Authors: Bartłomiej Dudek and Paweł Gawrychowski

Published in: LIPIcs, Volume 181, 31st International Symposium on Algorithms and Computation (ISAAC 2020)


Abstract
Permutation σ appears in permutation π if there exists a subsequence of π that is order-isomorphic to σ. The natural algorithmic question is to check if σ appears in π, and if so count the number of occurrences. Only since very recently we know that for any fixed length k, we can check if a given pattern of length k appears in a permutation of length n in time linear in n, but being able to count all such occurrences in f(k)⋅ n^o(k/log k) time would refute the exponential time hypothesis (ETH). Together with practical applications in statistics, this motivates a systematic study of the complexity of counting occurrences for different patterns of fixed small length k.
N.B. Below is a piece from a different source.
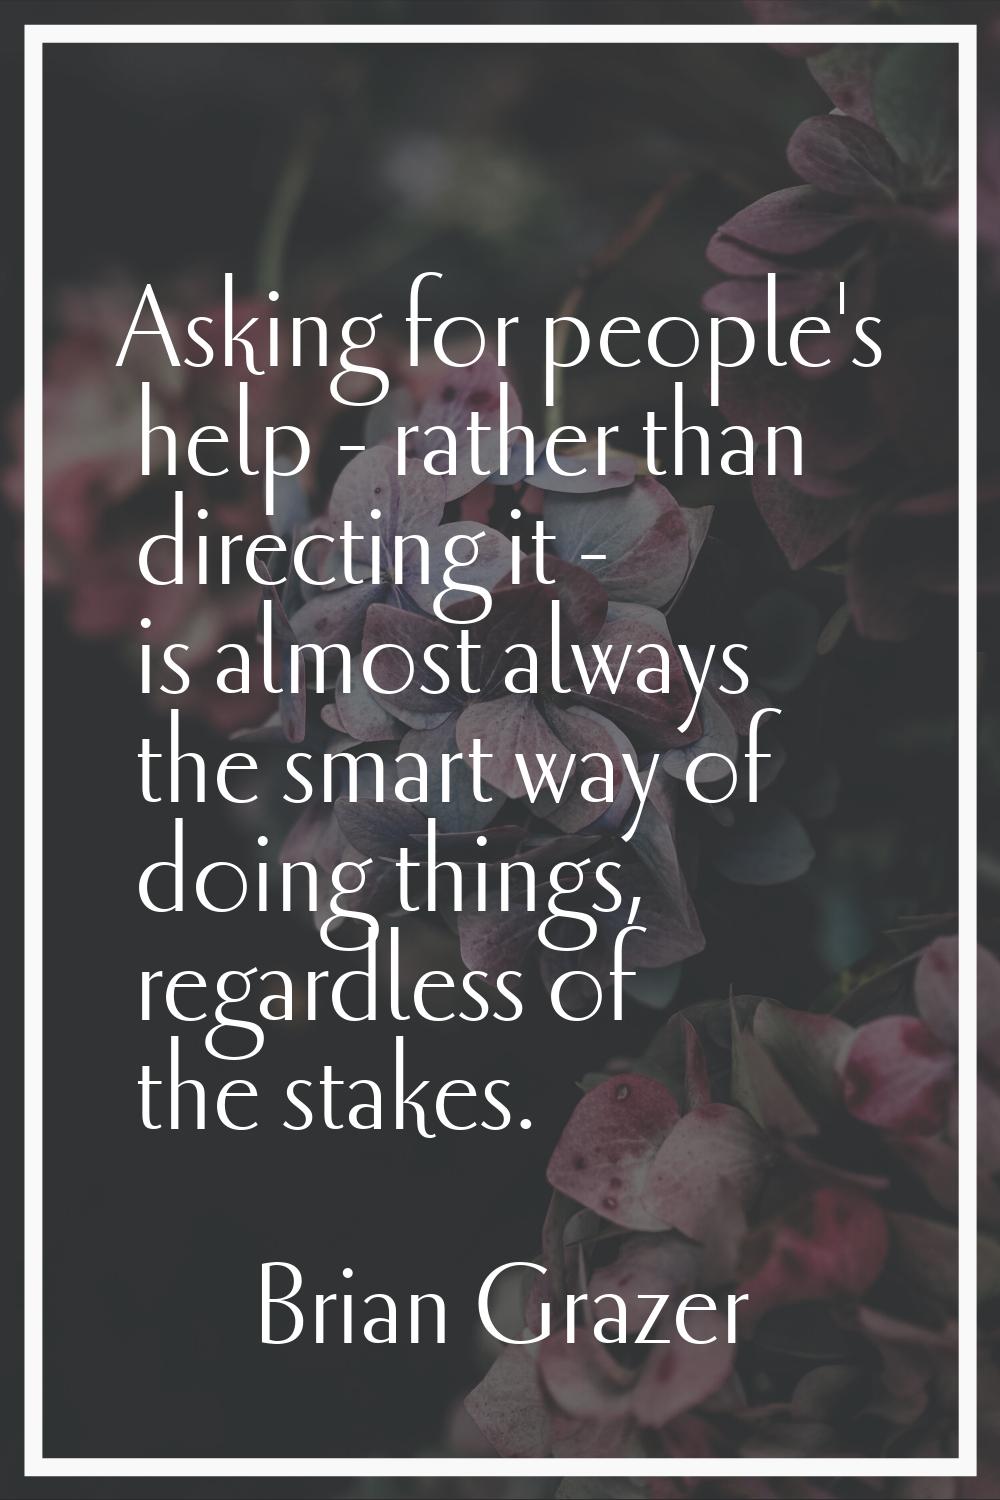 Asking for people's help - rather than directing it - is almost always the smart way of doing thing

We investigate this question for k = 4. Very recently, Even-Zohar and Leng [arXiv 2019] identified two types of 4-patterns. For the first type they designed an 𝒪̃(n) time algorithm, while for the second they were able to provide an 𝒪̃(n^1.5) time algorithm. This brings up the question whether the permutations of the second type are inherently harder than the first type. We establish a connection between counting 4-patterns of the second type and counting 4-cycles (not necessarily induced) in a sparse undirected graph. By designing two-way reductions we show that the complexities of both problems are the same, up to polylogarithmic factors. This allows us to leverage the work done on the latter to provide a reasonable argument for why there is a difference in the complexities for counting 4-patterns of the first and the second type. In particular, even for the seemingly simpler problem of detecting a 4-cycle in a graph on m edges, the best known algorithm works in 𝒪(m^{4/3}) time. Our reductions imply that an 𝒪(n^{4/3-ε}) time algorithm for counting occurrences of any 4-pattern of the second type in a permutation of length n would imply an exciting breakthrough for counting (and hence also detecting) 4-cycles. In the other direction, by plugging in the fastest known algorithm for counting 4-cycles, we obtain an algorithm for counting occurrences of any 4-pattern of the second type in 𝒪(n^1.48) time.

Cite as

Bartłomiej Dudek and Paweł Gawrychowski. Counting 4-Patterns in Permutations Is Equivalent to Counting 4-Cycles in Graphs. In 31st International Symposium on Algorithms and Computation (ISAAC 2020). Leibniz International Proceedings in Informatics (LIPIcs), Volume 181, pp. 23:1-23:18, Schloss Dagstuhl – Leibniz-Zentrum für Informatik (2020)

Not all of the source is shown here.